Isomer-dependent reactivity in the solid state: topochemical [4 + 4] vs. [4 + 2] cycloaddition reactions

Abstract

This study investigates the reactivity of constitutional isomers of acylated N-hydroxybenzotriazole (HOBt) in solid-state photocycloaddition reactions. To understand the difference in solid-state reactivity of the isomers, we have synthesized two isomeric N- and O-acyl derivatives of HOBt via acylation with anthracene-9-carboxylic acid. Both O-anthr-9-oyl oxy-benzotriazole 1 and its N-acyl isomer 2 crystallized with the face-to-face arrangement of their anthracene units, with a separation of 3.8 Å between them, satisfying Schmidt's criteria, suggesting that they can undergo a topochemical [4 + 4] photocycloaddition reaction.
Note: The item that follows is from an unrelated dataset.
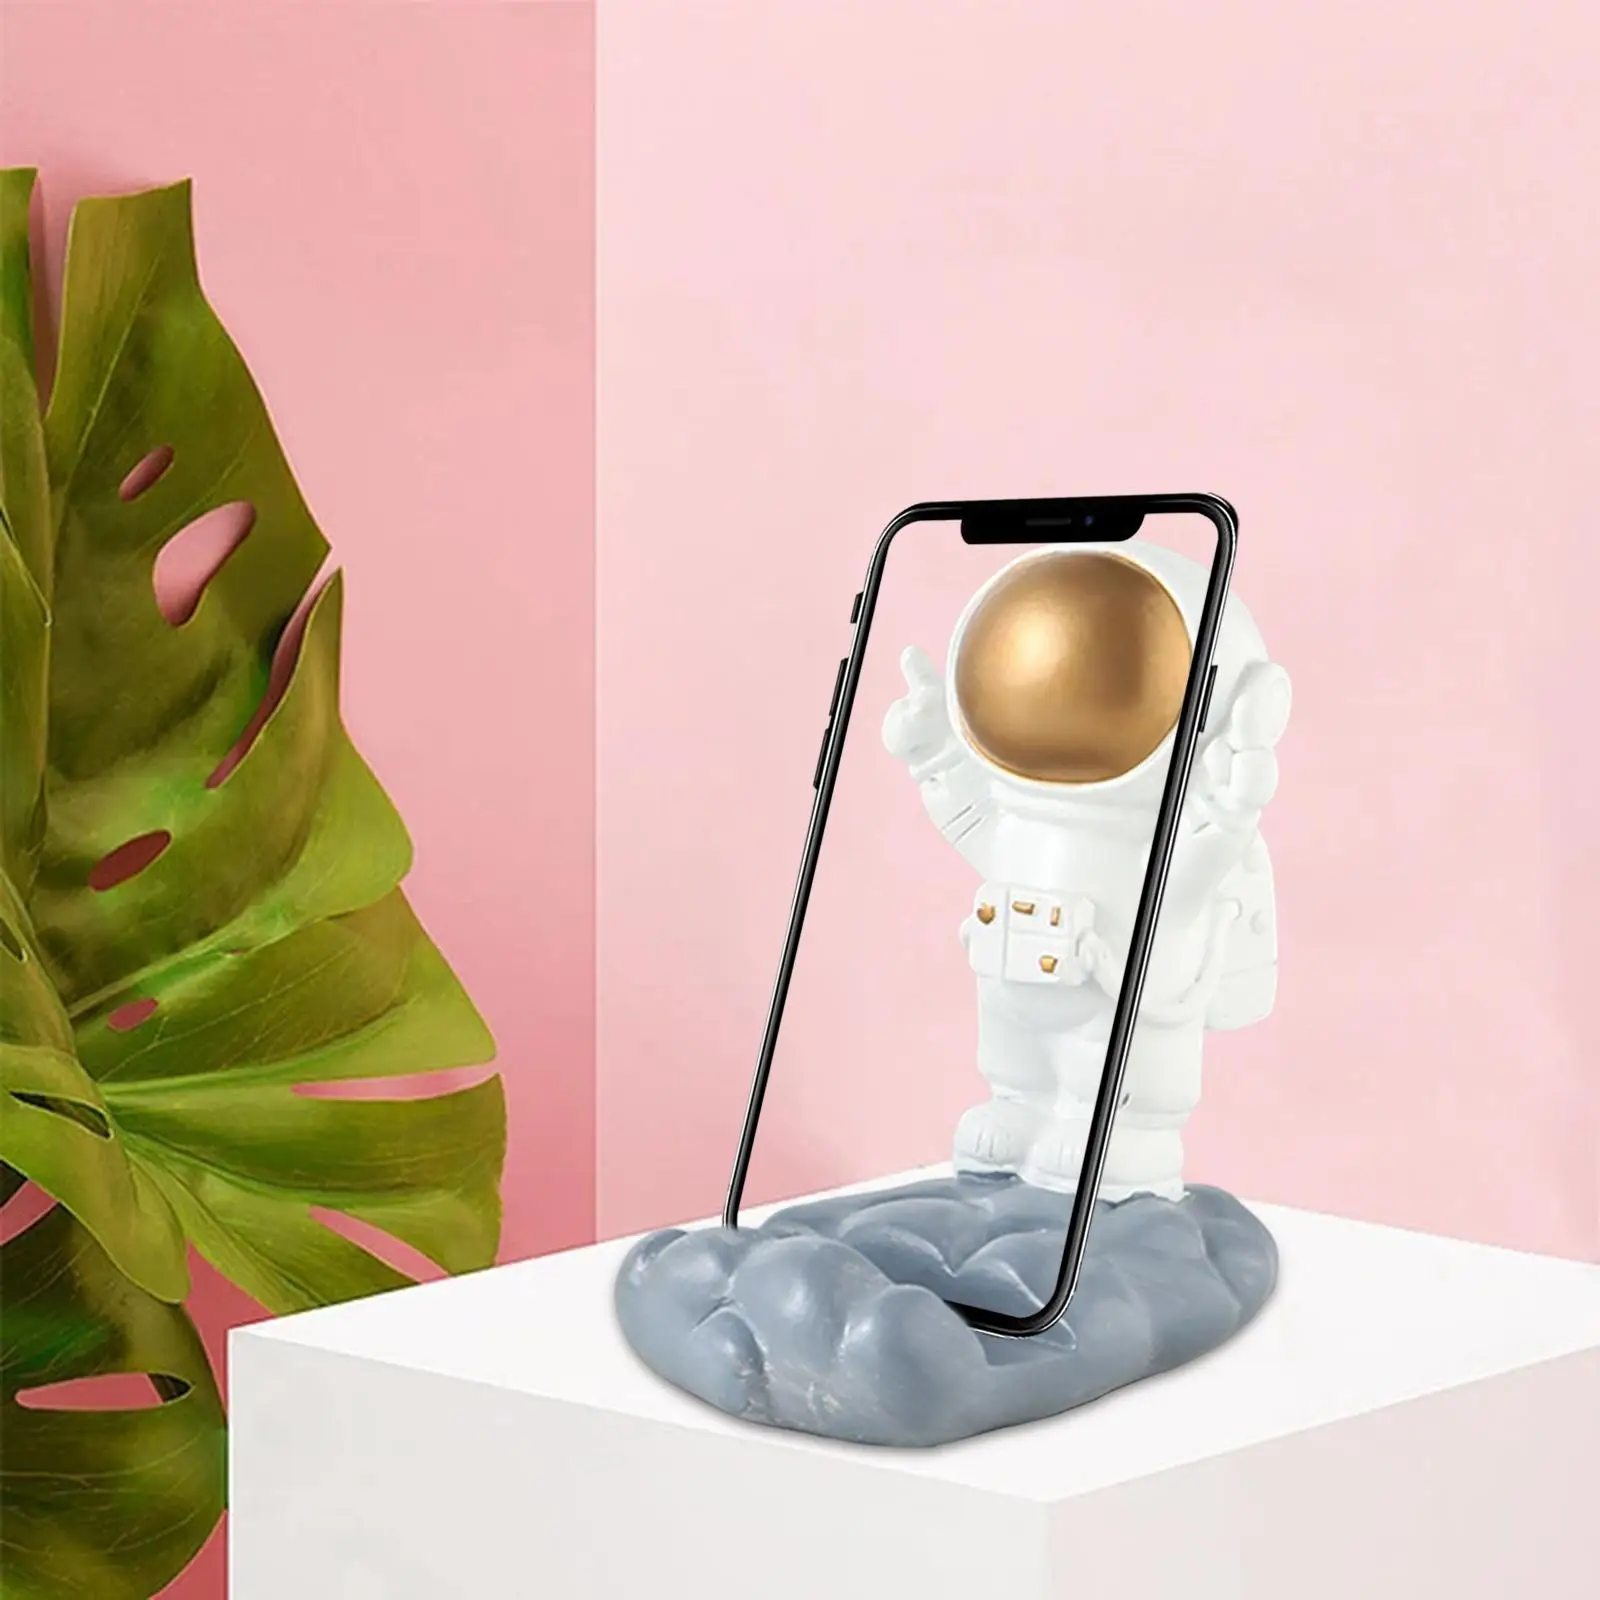 Desktop Phone Holder Resin Creative Spaceman Sculpture Desk Cellphone Cradle for Home Decor Office
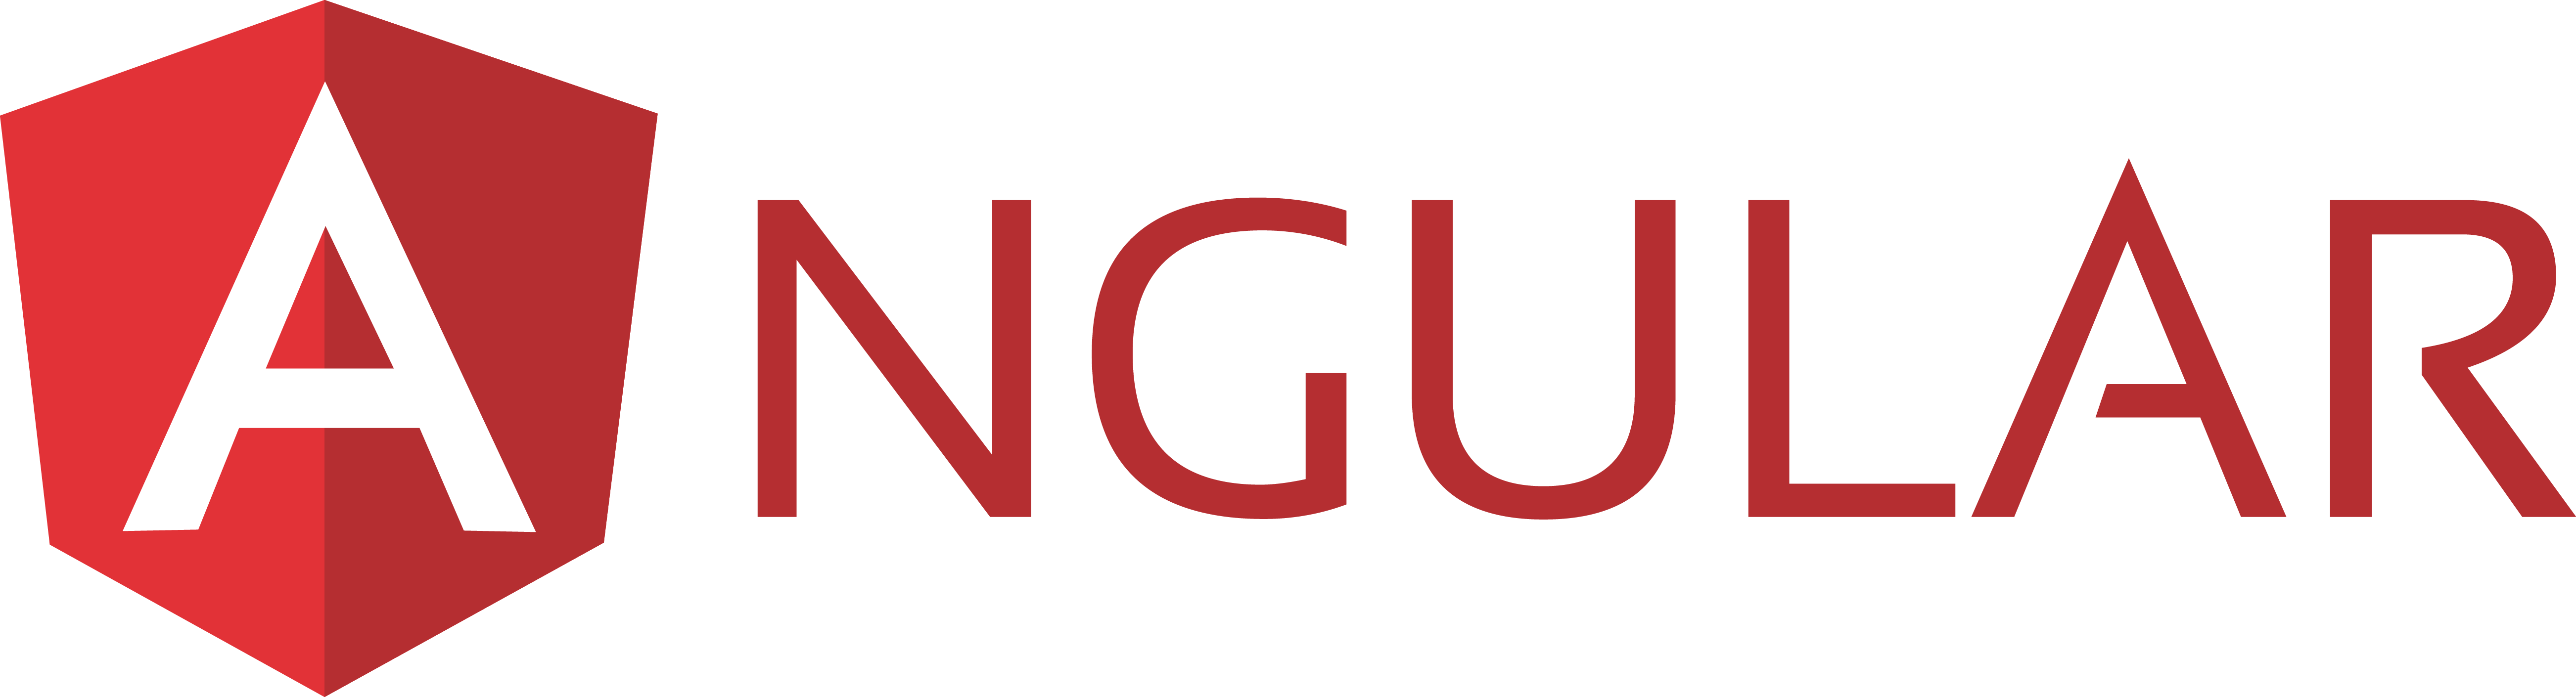 angular_logo

Upon irradiation using blue light (456 nm), the isomer 2 underwent a quantitative [4 + 4] cycloaddition reaction yielding the dimer D2. However, isomer 1 did not undergo [4 + 4] cycloaddition; instead, it underwent a photochemical [4 + 2] cycloaddition with molecular oxygen, eventually yielding anthraquinone (AQ). The dimer D2 underwent a retro-cycloaddition reaction to revert back to the isomer 2. While isomers give the same product in solution-state reactions, our study establishes that isomers can react differently in the solid state and can give different products.